Need to Know: Google Book Search

Google has raised a lot of ire with its digital book plans, but what’s all the fuss about?

digital books

Over the past few days, the European Commission has been debating how to handle the digitisation of books and how to balance Google's plans to make them searchable with publishers' copyright claims.

What's Google done?

Originally announced in October 2004, Google Book Search is a massive project to scan books into a database using optical character recognition.

That lets the material be searched, and in some cases, downloaded. Out of copyright material and public domain content can be downloaded as a pdf handy for those with an e-book reader but any other book only allows a few pages to be downloaded.

As of last year, Google had seven million books in its digital database. Of those, one million were in the public domain, and another million were there under agreements with publishers. Some five million are books which are no longer in print.

Who else is digitising books?

Microsoft tried a similar project, called Live Search Books, but gave up in May of last year. All that scanning didn't go to waste, however, as Microsoft passed its digitised content to the Internet Archive, which is now up to about a million public domain books.

The EU has its very own project, which includes photos, newspapers and other content related to European history. It hopes to have 10 million pieces digitised by next year.

Many universities have contributed to Google's efforts, passing over their digitised books and journals for inclusion in its database.

That sounds great. So what's the problem?

As ever with content moving online, there are a few copyright issues, balanced with the issue of making knowledge available.

Some of the out of print books that Google has included are actually still under copyright, and Google is running ads alongside the content, so there's also a question of who gets that revenue.

In 2005, Google was hit by two lawsuits.

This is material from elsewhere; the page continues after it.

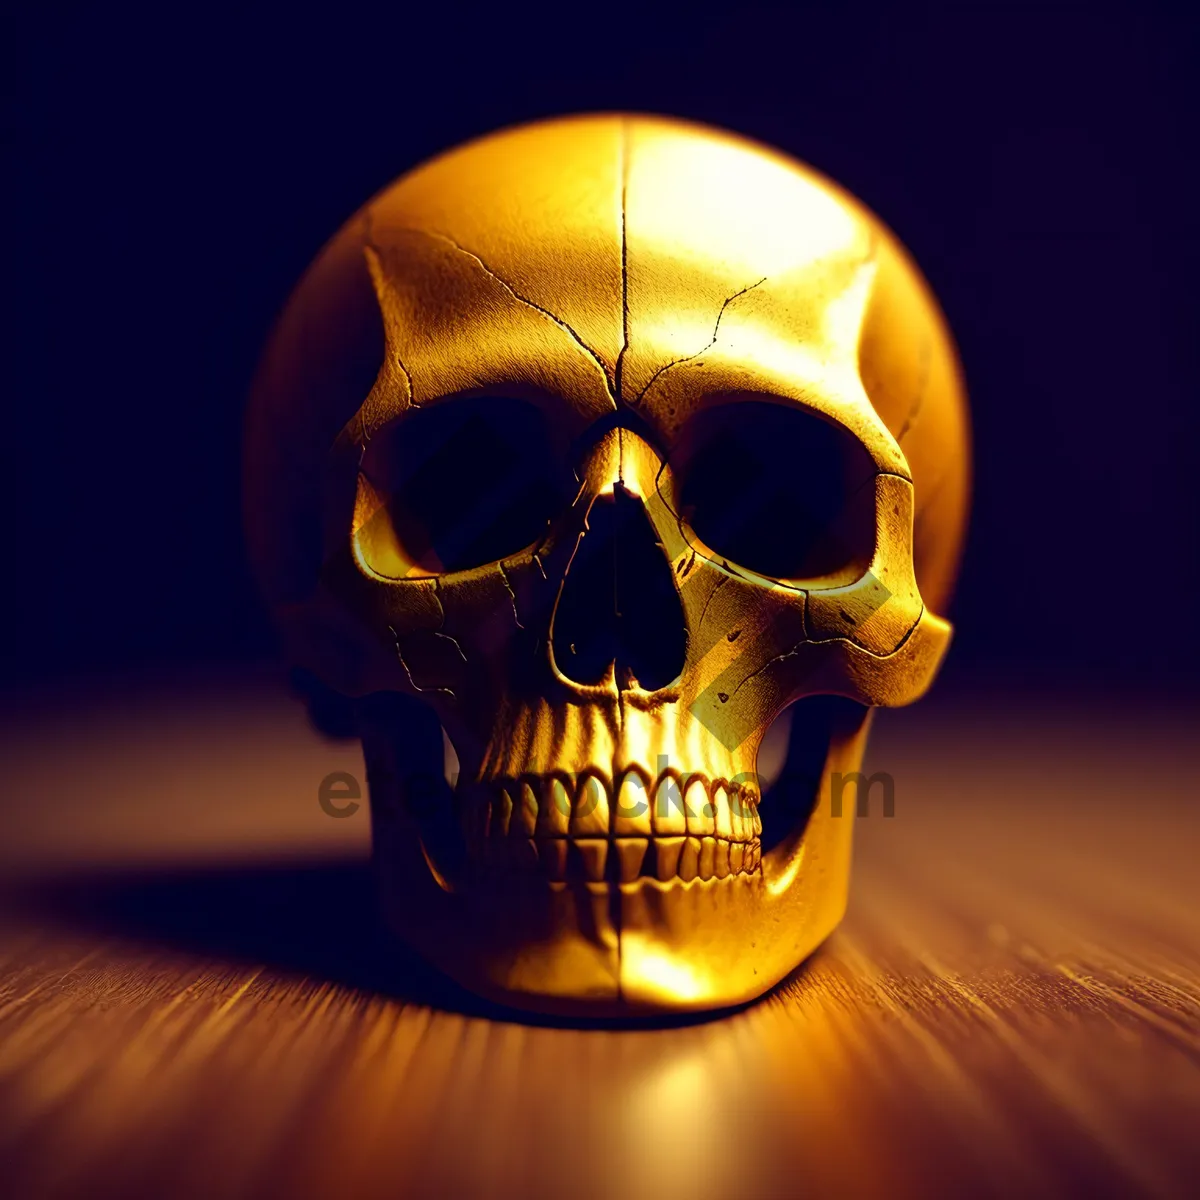 Picture of Spooky Pirate Skeleton with Frightening Expression

The first was a class action lawsuit from authors; the second was a civil lawsuit from publishers.

Both were settled last year when Google promised to create a Books Rights Registry to help manage the issue and said it would pay up 63 per cent of any revenue such as advertising to authors and publishers.

The terms of the agreement didn't please everyone, but it was enough to keep the project from being taken down. That said, Google still faces opposition from groups like the Open Book Alliance - supported by Yahoo and Microsoft.

So what's Europe's problem?

The US deal doesn't technically apply to European books, so the EC is looking at hammering out a deal to include its own authors and publishers. Google has promised a similar sort of deal and two non-US seats on the Book Rights Registry, but it remains to be seen if that will be enough to calm European fears.

There are other problems, too. Europe and the US have different copyright laws, most notably the date when copyright expires. In the US, anything older than 1923 is fair game; in Europe, that's 1870. So Google would have to allow American readers access to content while denying Europeans.

On top of this is the monopoly issue, always looming with anything Google does these days. Some countries are somewhat concerned that Google will have all the access to their books, cutting out competitors.

Even the British Library is a bit worried about handing over rights.

The head of partnerships at the British Library, Simon Bell, said to the Times newspaper: "It is an absolute bedrock of anything we do that when we enter into a partnership for digitisation of content that we own the intellectual property on the digital object. So it might be commercialised for a number of years, but ultimately the ownership should then be fully taken back into the British Library so that we can then offer it via our website to the British taxpayer for free."

What next?

The EC is currently debating the issue and not just how to deal with Google. Commissioners are trying to figure out how to look at digital books, modernise copyright law, and how to keep publishers and authors in the loop.

That said, Commissioner Viviane Reding has previously expressed her support for Google's Book Search, and yesterday said: "Digitisation of books is a task of Herculean proportions which the public sector needs to guide, but where it also needs private-sector support."